La letra como residuo de otro tiempo. Ahora… un nuevo tiempo ha comenzado. Un tiempo donde está la diferencia, ya no uno, sino dos… nunca más indivisibles. Por eso, reitero,  Ya no uno, sino dos y entre ellos un letra que surge de ese trazo. Un trazo / como una luz que escapa/ desde la curvatura de los dedos/ cubre/ la herida de la noche/ y la deja caer/ con la última letra/ después del amor.

¿La última? ¿La única? No importa. Es la letra que pertenece a aquella lengua antigua/ la escuchó antes / en un sueño/ y ahora/ solo intenta descifrar/ las letras vagas/ iluminando la piel/ al dorso de su vida/ para que la vida/ no sea más que una sospecha. Increíble significación de la letra como origen de la escritura que persiste en los tiempos –de ahí lo de lengua antigua– que transfiere el sentido de estar vivos, en esa imagen increíble: … que la vida/ no sea más que una sospecha.

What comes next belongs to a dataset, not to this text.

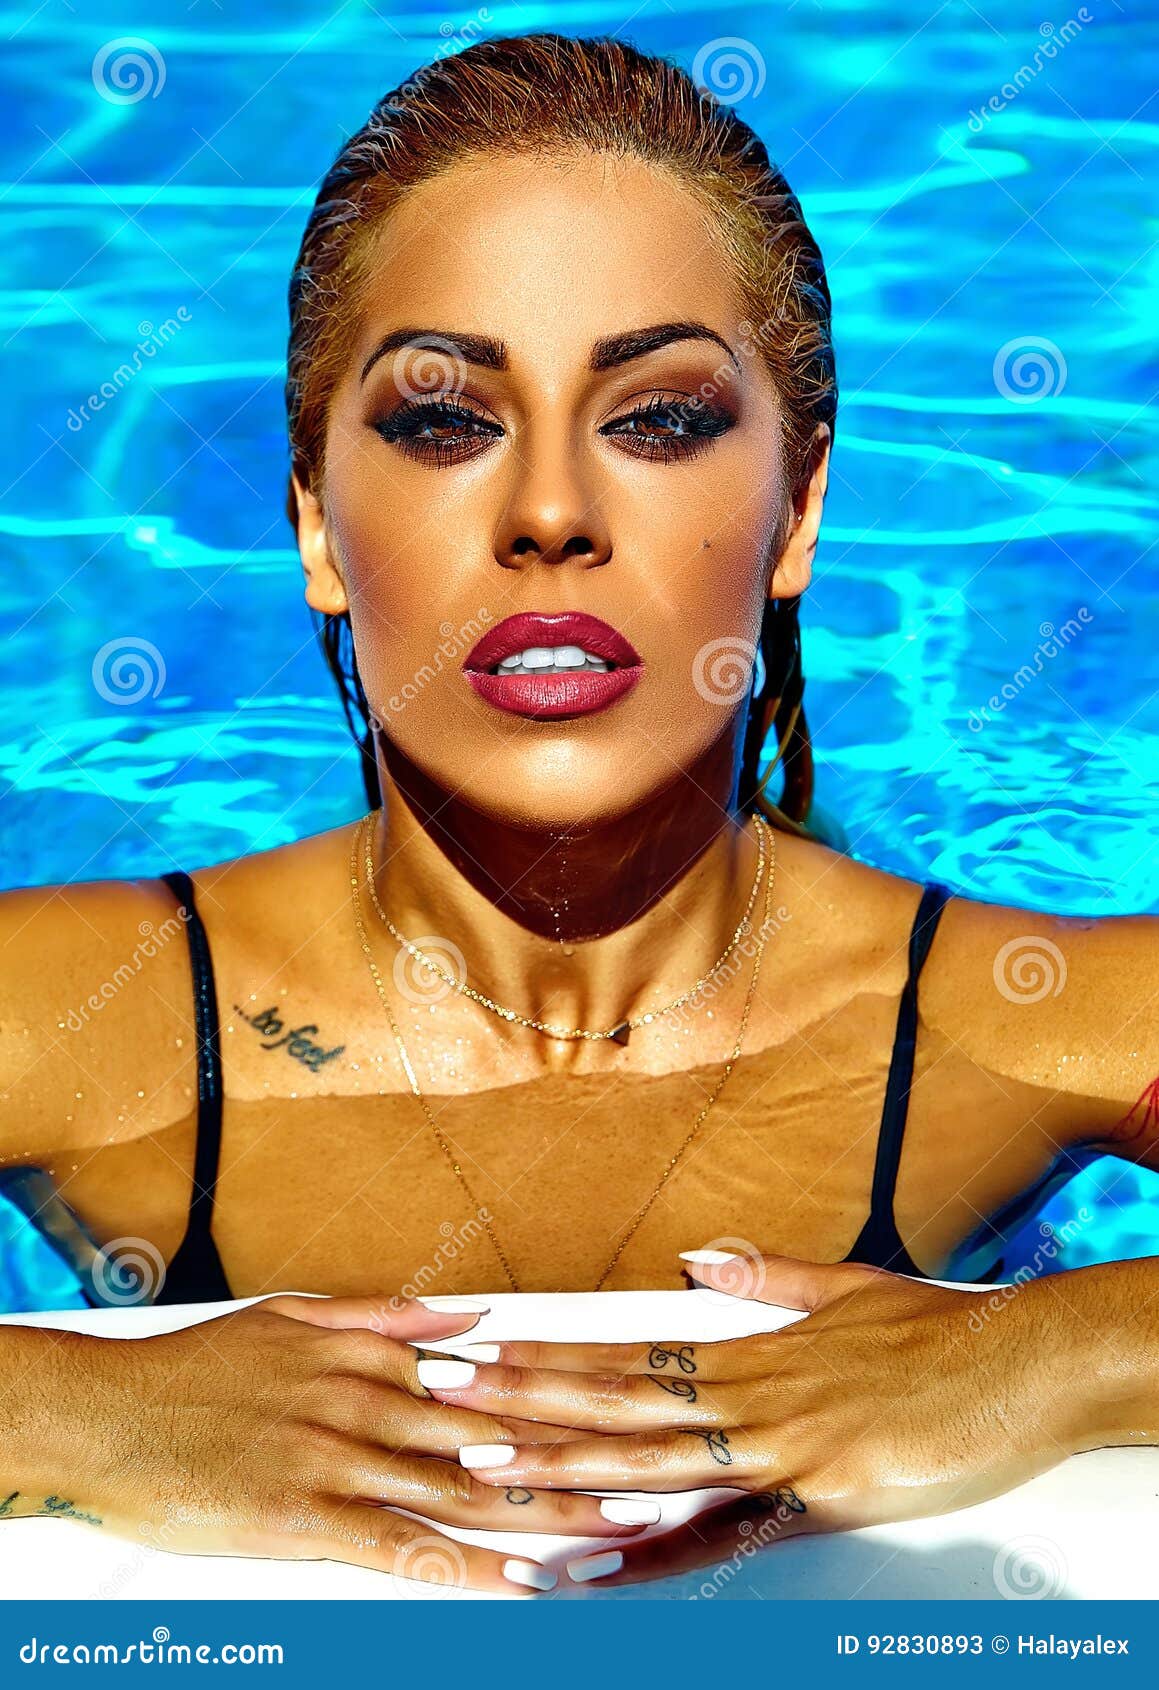 Hot Beautiful Girl Blonde Model In Swimwear Stock Image

Y si la sombra también ha invadido el interior del hombre que ama, necesita interrogarse si es posible cambiar la luz que metaforiza  la palabra por las sombras. Jirones de ese  mundo desgajado  desde el último modo de estar vivos: el amor… y con ellos esa letra, la escritura. Por eso se pregunta: ¿Cómo se escribe con luz? /¿Cómo se lee?/ Solamente en las sombras, se responde.

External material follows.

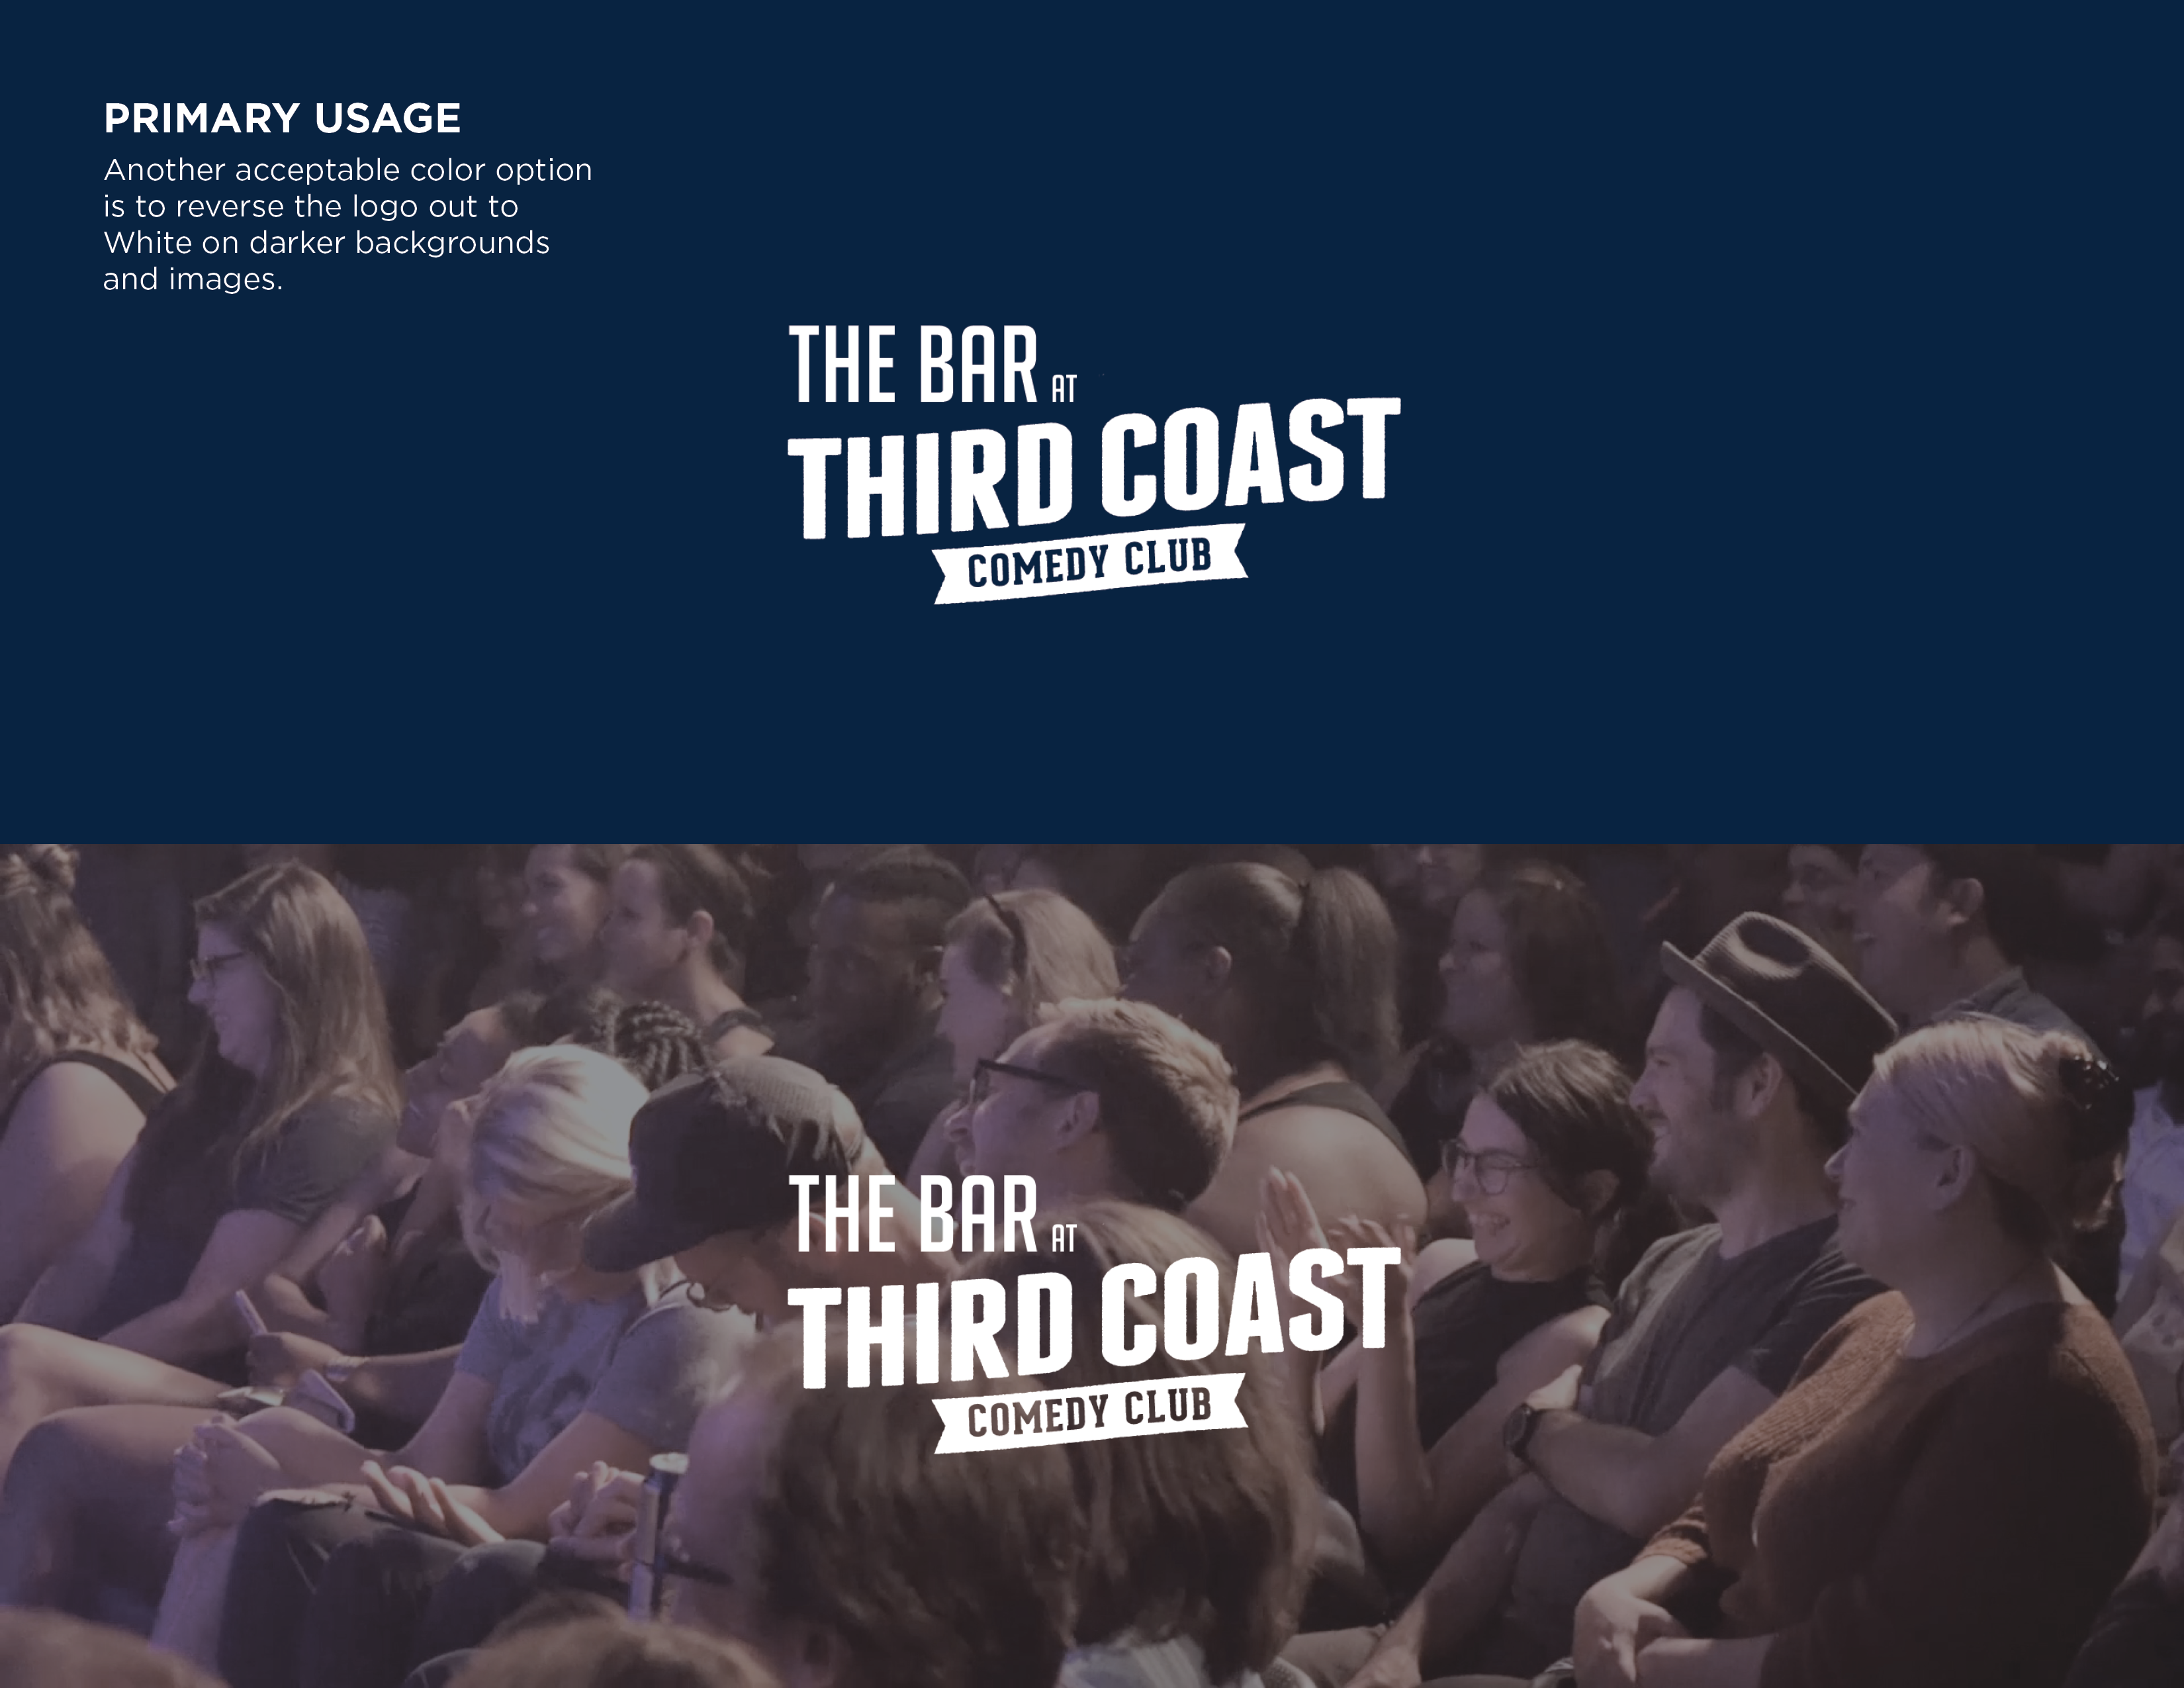 Third Coast Brand Guidelines 202310

Un nuevo poema insiste en esa permanencia que metaforiza la transformación en ese nuevo tiempo. Esa letra era muda/ abierta al aire/ y el aire era silencio/ Allí en el sueño/ el silencio le habló / y solamente aire era silencio/ Allí en el sueño/ el silencio le habló / y solamente así/ y sin poder leerlo/ el universo todo. / Y solo así el sentido/ rompiendo la palabra. De ahí que los poemas insisten en el silencio y su presencia permanente,  no solo en este tiempo nuevo, sino en aquel momento que persiste pese a todo y mantiene esa sospecha de estar vivos. Después del amor/ después de la última letra/ llegó el silencio/ y en el silencio crujió una rama./ Allí se había posado el tiempo/ por un segundo/ antes de partir.

Entonces, me pregunto. Parte el tiempo y la eternidad ¿se adueña de esa letra que aún persiste después del amor?  Increíble magnificación de la palabra. Persistencia. Posibilidad de sospechar que se sigue estando vivo.

Y en ese discurrir también está la aceptación del nuevo tiempo. Así se pregunta el significado de antes. Ese antes que no conduce a nada porque el pasado no existe. Nombrarlo significa una mentira. Piensa: antes/ Escribe: antes / Pero nada es pasado / Si dice antes miente/ Escribe antes/ Y miente. Una negación última que también es una paradoja. Afirma mientras niega. ¿Recupera la letra que ha quedado después del amor? Quizás por eso dice: En el silencio se siente a salvo.

Finaliza ese fragmento –Una letra después del amor– interrogándose sobre el devenir del tiempo. Metaforiza en el otoño y el invierno el transcurrir del tiempo de la naturaleza. Y así dice: ¿Y cuando todo se otoñe?  /¿Qué será de las hojas/ de este árbol? / ¿ Y cuándo el viento sople más fuerte?/ ¿ Y cuándo el viento la enamore?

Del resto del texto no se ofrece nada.